WHAT IS NEEDED ->
Repeat every line from the line containing "12-x 8-inch, rectangular, Roasting" to the end of the data, exactly. Leave the pictures out.

PROVIDED DATA ->
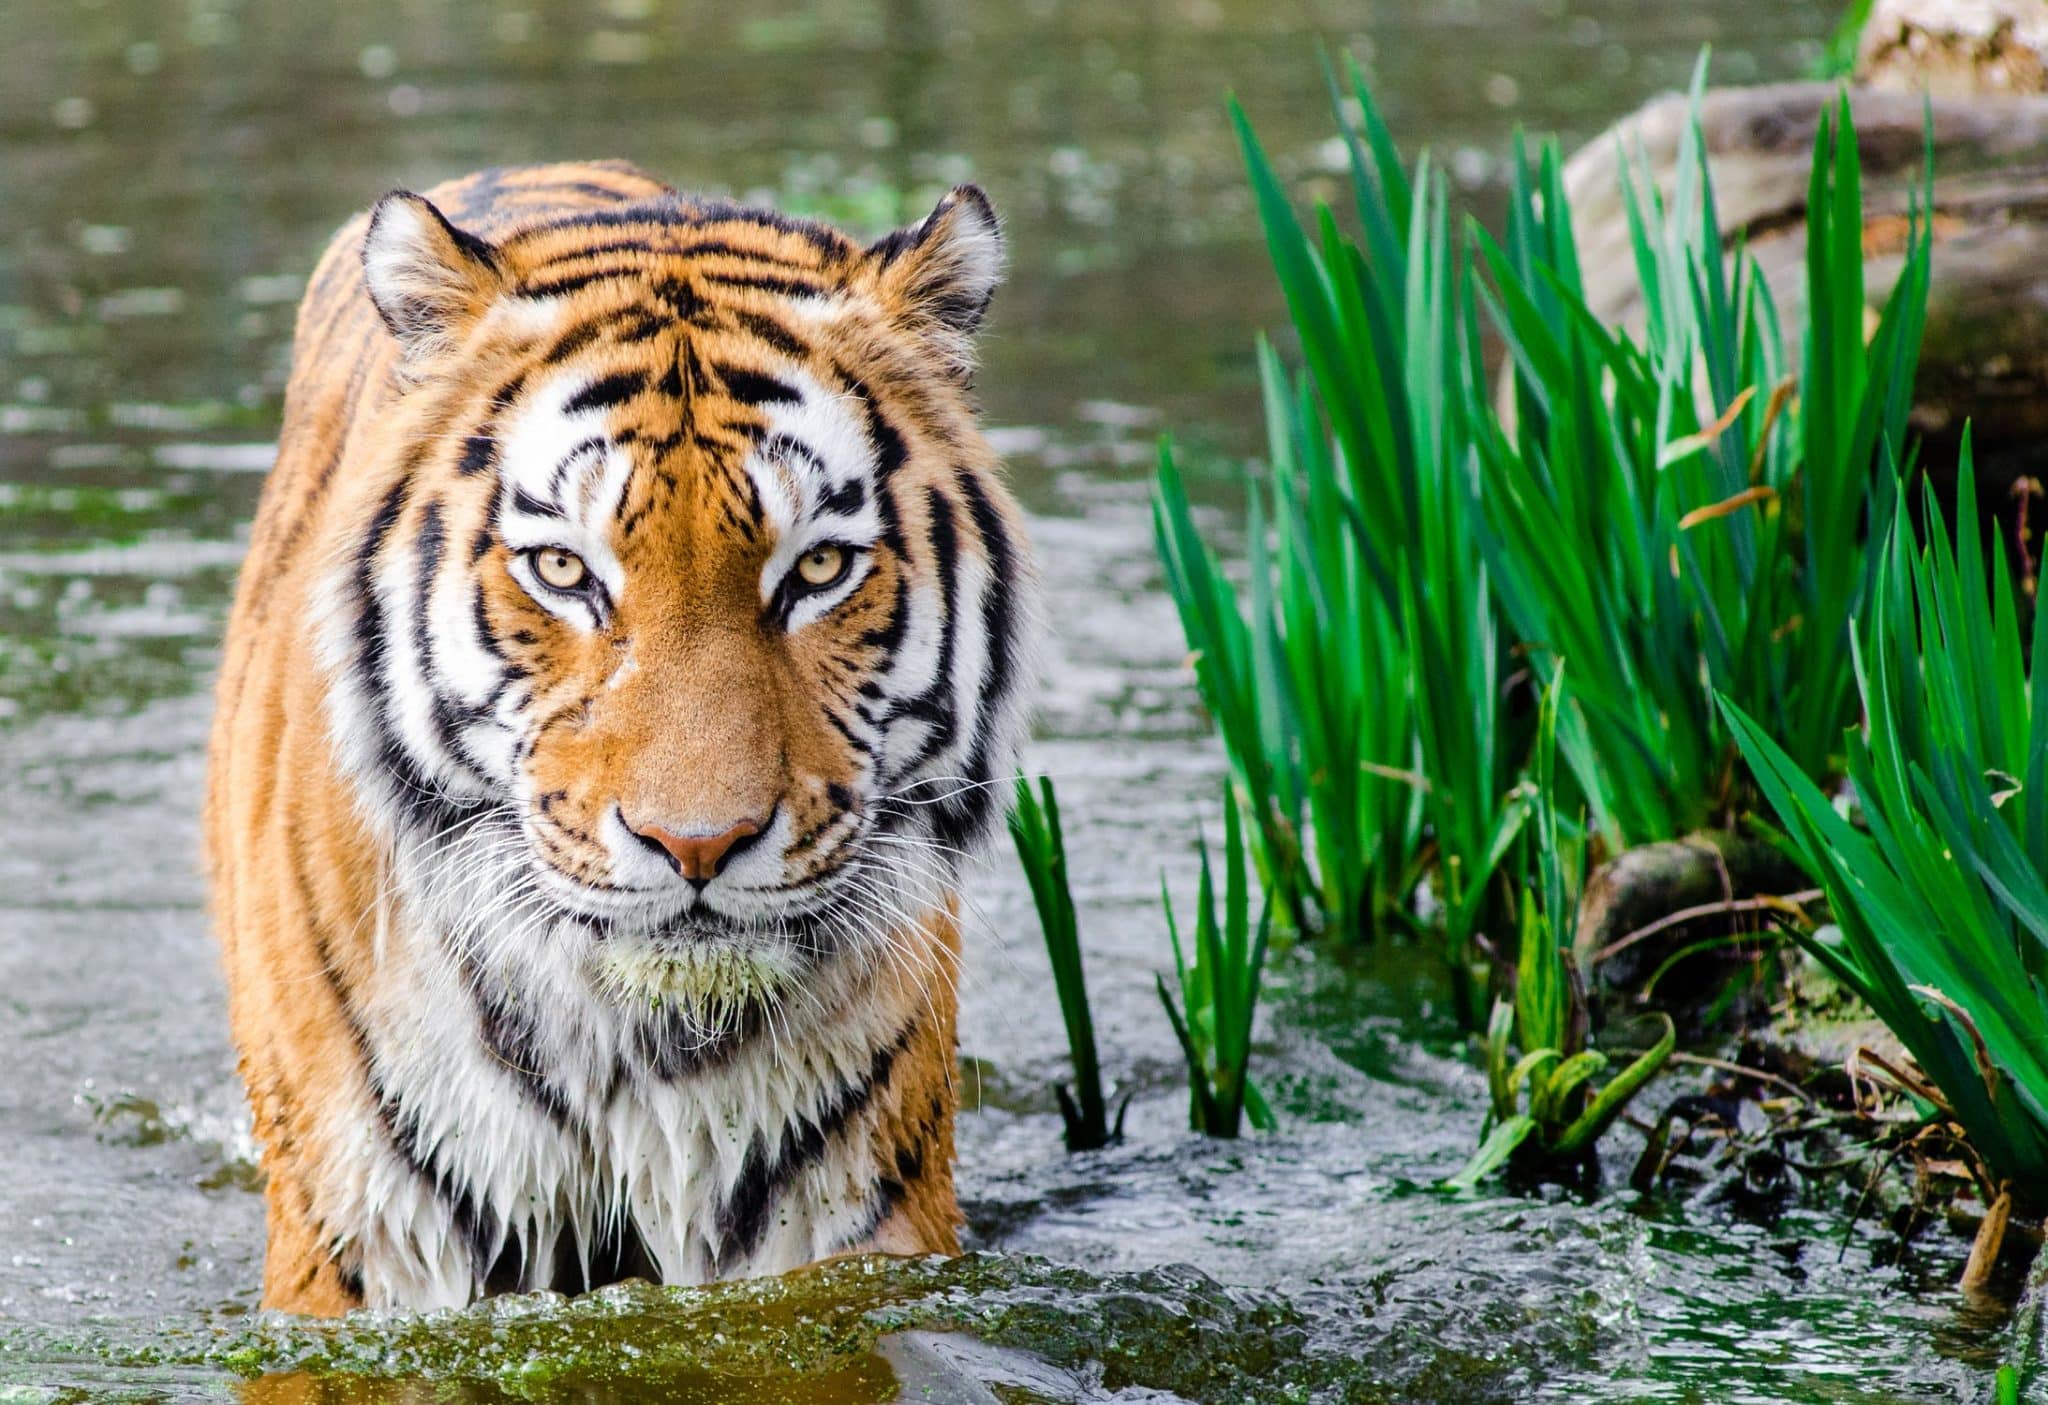 tiger attack safari park
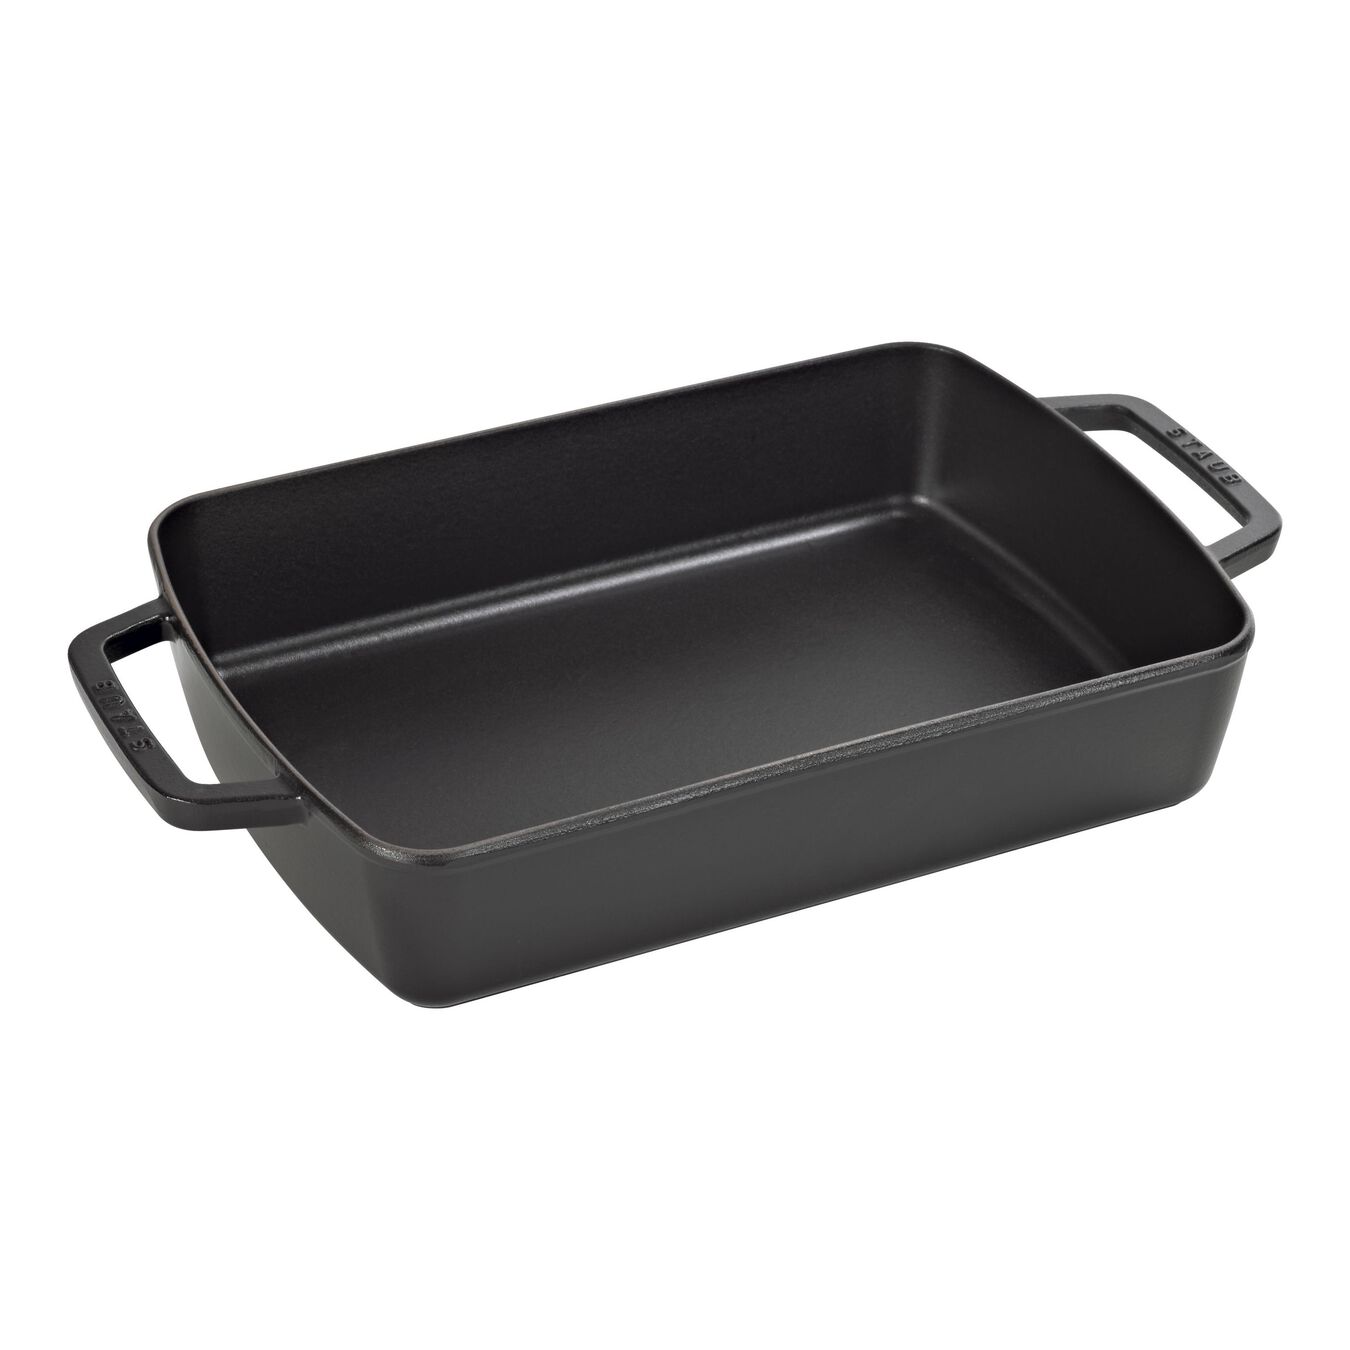 12-x 8-inch, rectangular, Roasting Pan, black matte,,large 1
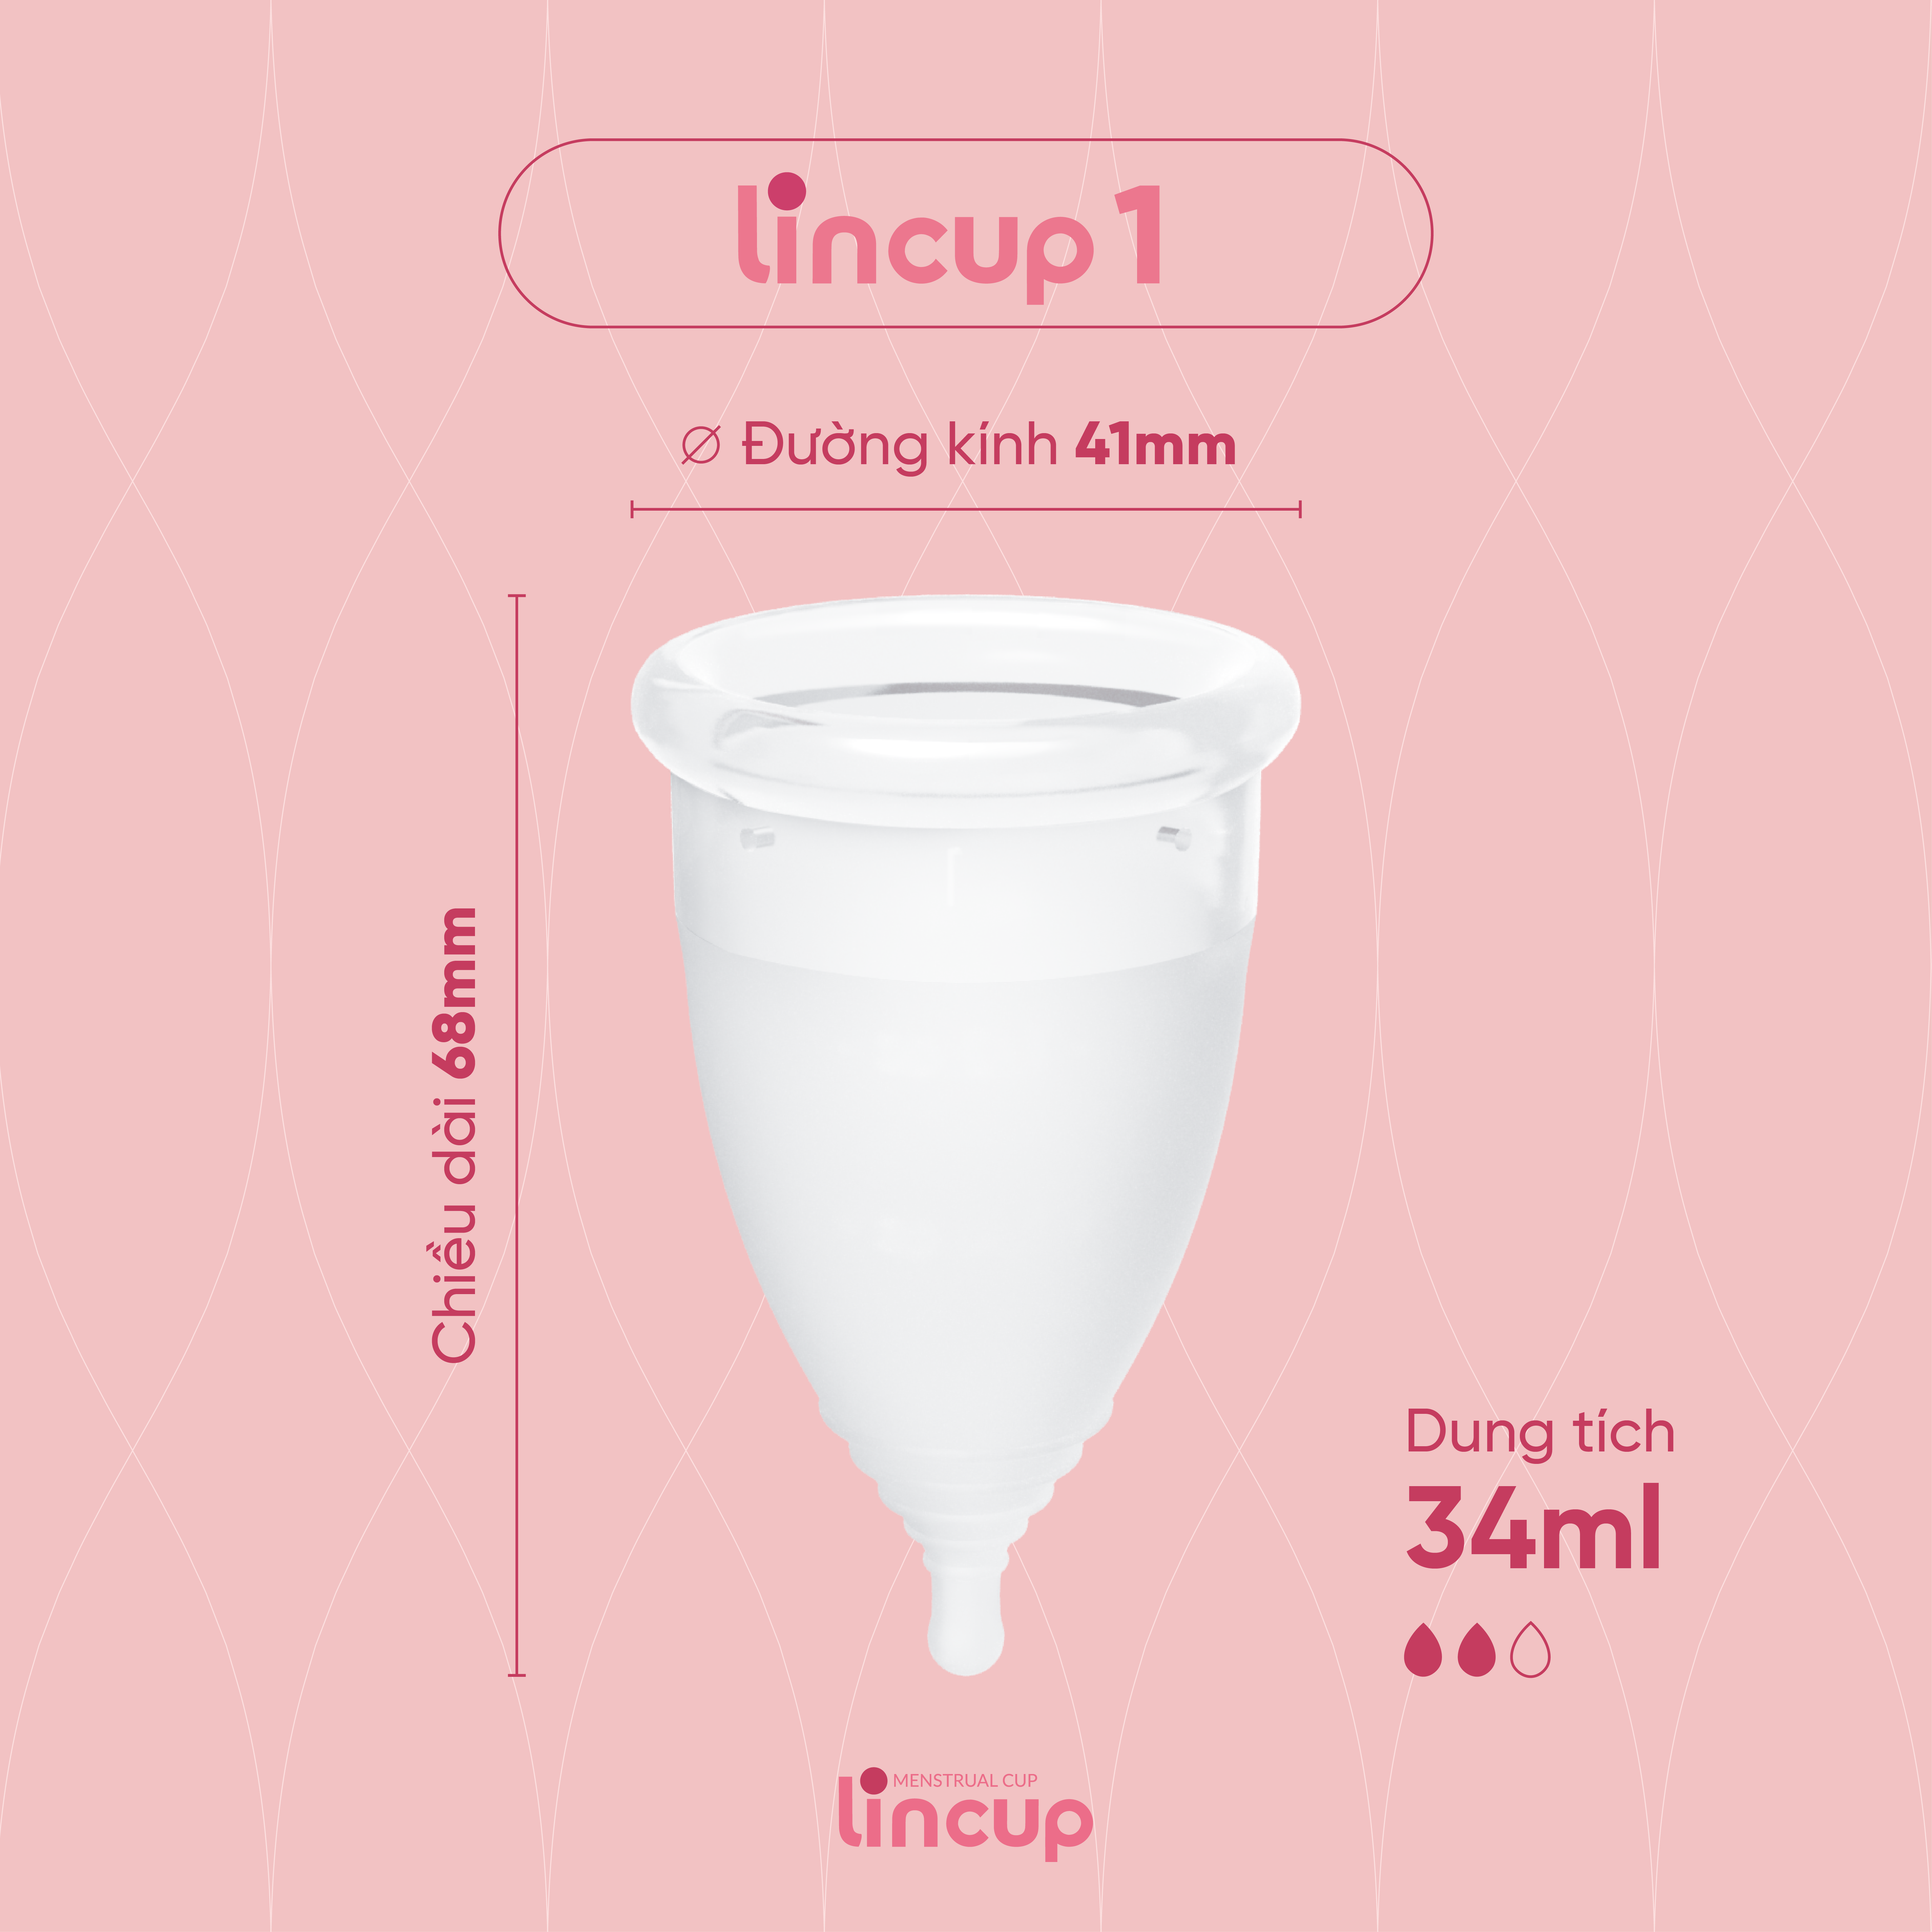 Hình ảnh Combo cốc nguyệt san Lincup size 25ml/34ml/40ml và bộ 4 sản phẩm thiết yếu hỗ trợ dùng cốc nguyệt san

RESULT OF THIS TASK ->
 12-x 8-inch, rectangular, Roasting Pan, black matte,,large 1
 Hình ảnh Combo cốc nguyệt san Lincup size 25ml/34ml/40ml và bộ 4 sản phẩm thiết yếu hỗ trợ dùng cốc nguyệt san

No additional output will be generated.